Binding studied law and medicine, but in his forties, after the outbreak of the Great War, became a cavalry commander fighting on the Western Front, and his experiences there found expression in much of his later writings. However, like so many artists of his time, his legacy was tainted by his association with the exceeding horrors of the Nazis. As one of the 88 signers of the Gelöbnis treuester Gefolgschaft - the "vow of the faithful followers," published on the 26th of October 1933, he sinned a sin that brooks no absolution. Dates are important in assigning blame, and yes, even though 1933 was early, and the war and Kristallnacht and much worse were in the future, the thuggery had begun, the Reichstag fire had been set, the legislature dissolved, non-Aryan removed from positions of power, and, anyway, Hitler had made his plans clear enough in Mein Kampf in the 20s. We can understand Binding, of course, and I am quick to say I too am a scared little boy. If The President or one of his three-letter agencies said sign this thing or we'll shoot you dead I'd say yessiree here we go and I'd maybe even whisper something about whether my friends and lovers who didn't sign were, well, a little bit suspicious. Richard Strauss, who we think of as one who worked to protect his Jewish family members and in his own small way pursue peace, and who is also represented in this concert, himself signed the Aufruf der Kulturschaffenden - the "call to the culture-workers" - expressing his loyalty to Hitler just a few months after Binding's vow.

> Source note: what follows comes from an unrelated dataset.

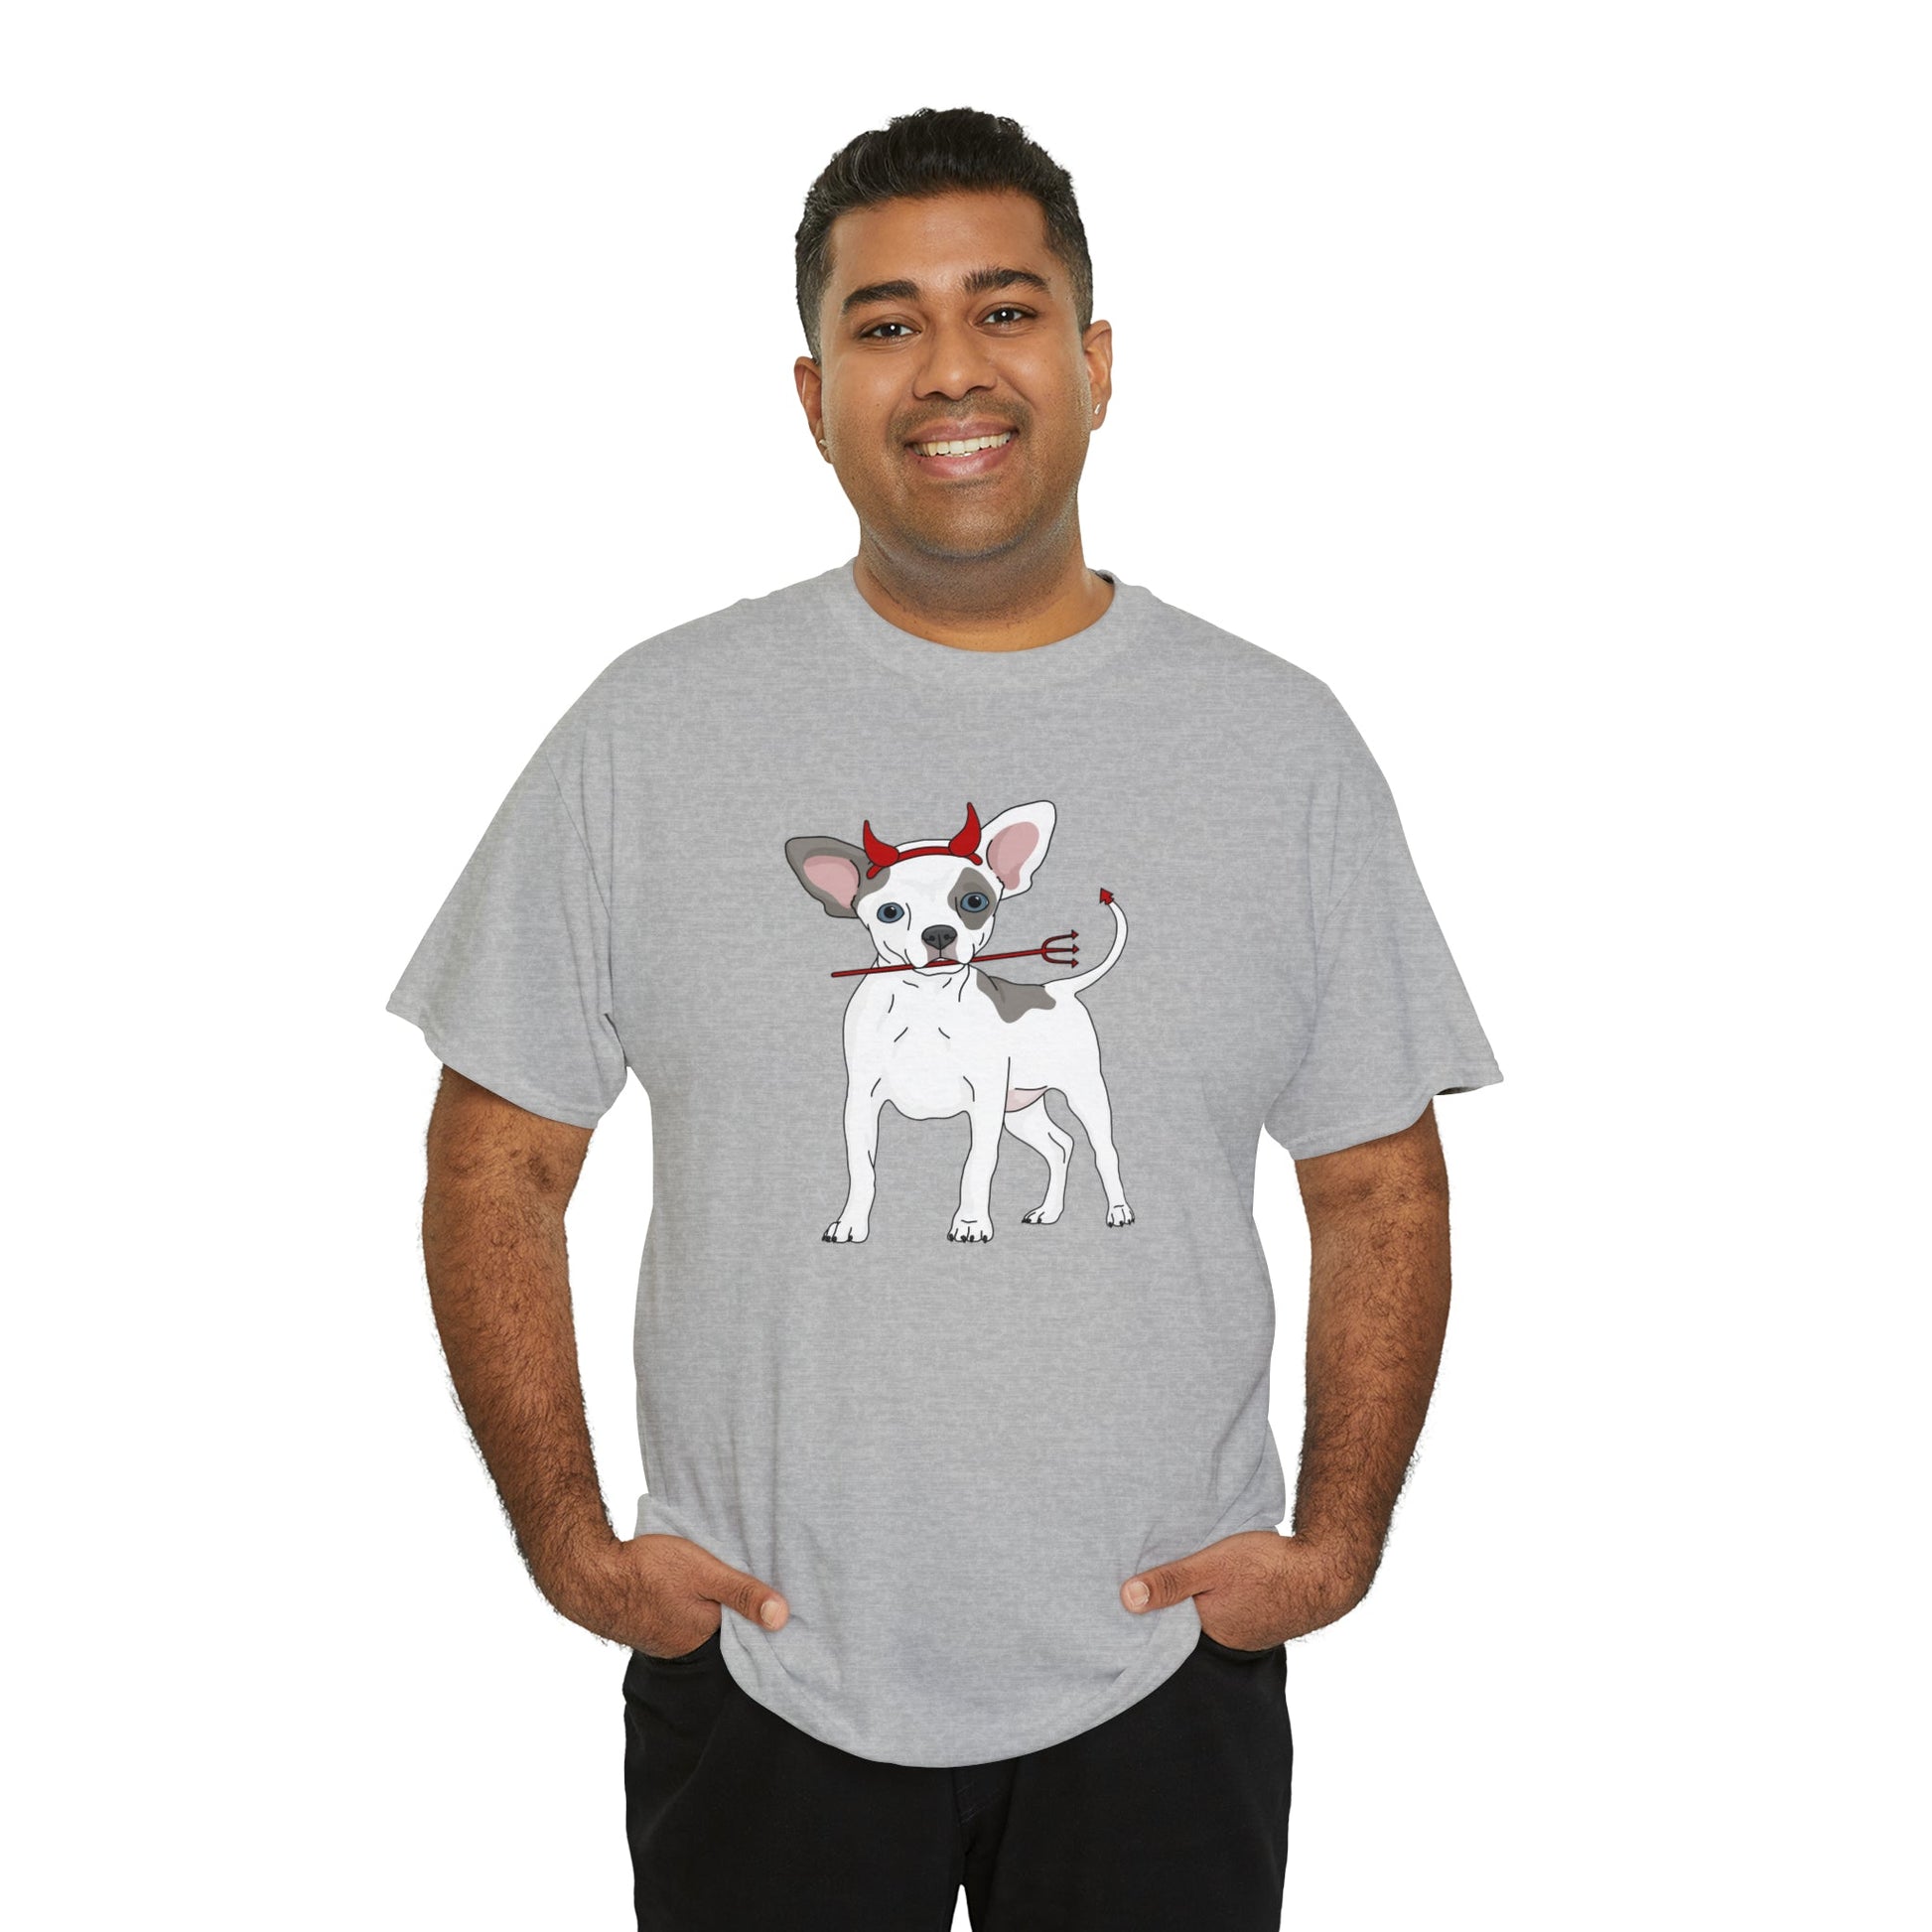 Devil Puppy | T-shirt - Detezi Designs-22714233896843956626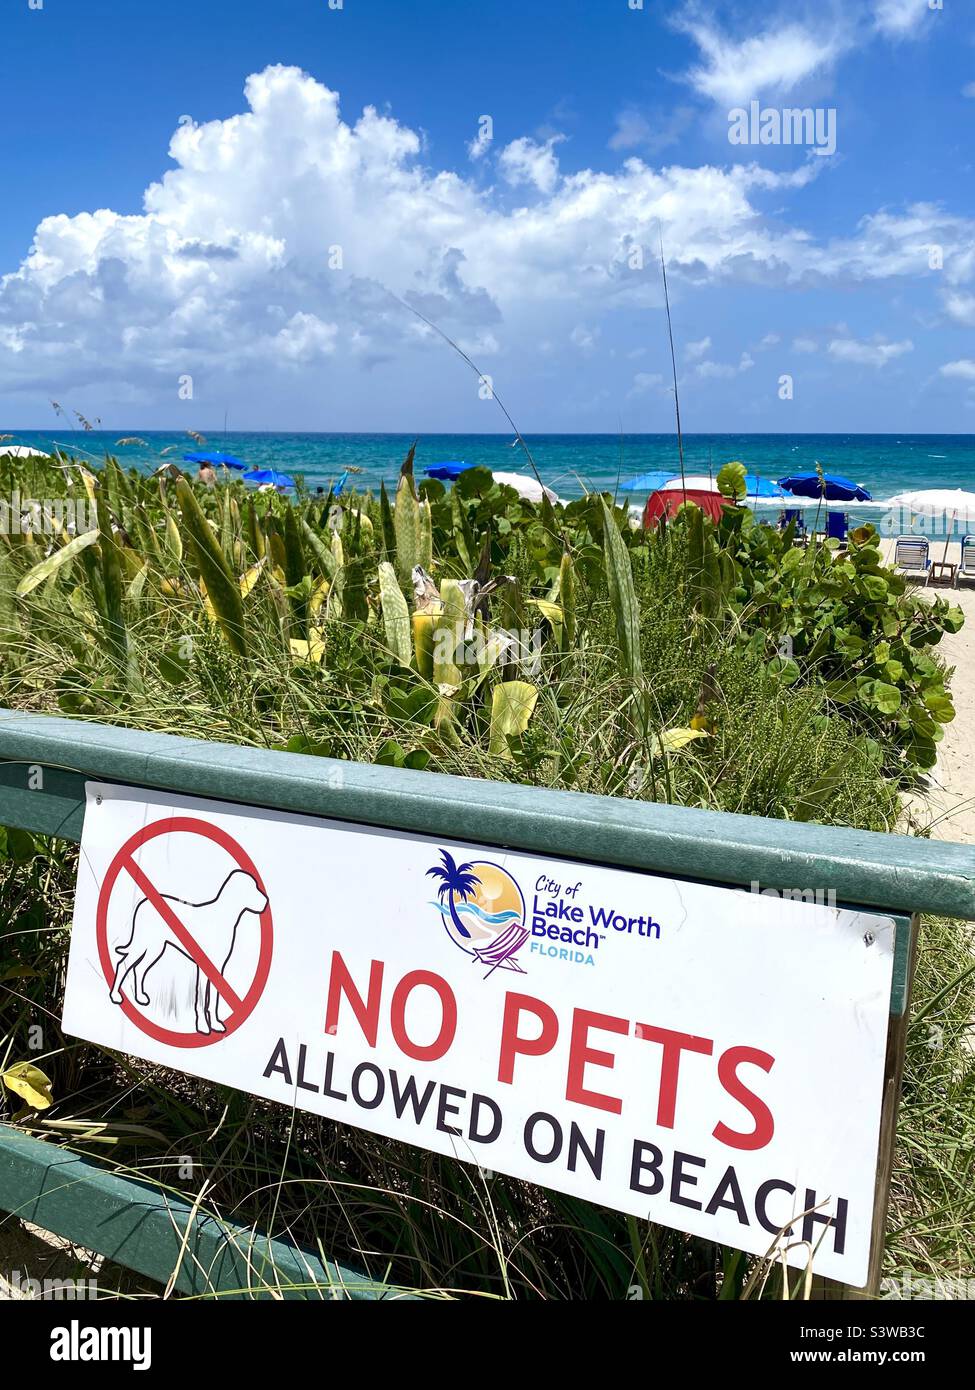 No pets allowed sign at Lake Worth Beach, Florida. Stock Photo

The way things turned out, Binding's poem's idea that war, however awful, is the measure of a man was used as a recruiting tool for the Nazis, and Binding's ambiguous feelings towards the Nazis - he was engaged to marry a Jewish woman - was not enough to save him from the guilt of that association. But the poem must be read and remembered as part of this important work we must do in our understanding war and the love we have for it.

Battle - our measure

The trembling earth presses close up against us.
The field rises like men from camp.
Crops of soldiers sprout
from invisible seeds
in the trenches.                                
Green-black cauldrons bloom
smoke and poison gases
up into the air everywhere.
Angrily startled
fountains spring from the scorched earth.
Burning and crucified,
bodies go to heaven, 
their faces frozen in a grimace,
a black charred star:
dust and bones.

Waves of smoke roll over us.
A storm of iron rains down.
Lightning slithers towards us.
Thunder strangles us.
A howling abyss rears up
everywhere, and the sun draws
dark manes of our exhaled breath. 

Heaven holds us inescapably
spellbound under its gaze:
Like the evil eye of the basilisk
turning small animals into stone.

We lay desolate in the hell of battle; 
we knew that everyone was utterly alone.
But we also knew this:
Once you stand before the remorseless enemy,
where prayers go unanswered, where pleading to God 
is ridiculous,
where no mother watches over us,
no woman crosses our path, 
where everything is without love,
where only reality rules,
with cruelty and grandeur,
such an experience makes us hardened and proud.
Unforgettable,
it touches the hearts of men
more deeply than all the love in the world.

And we felt: this was our measure.


† One possible exception: the amazing Come and See.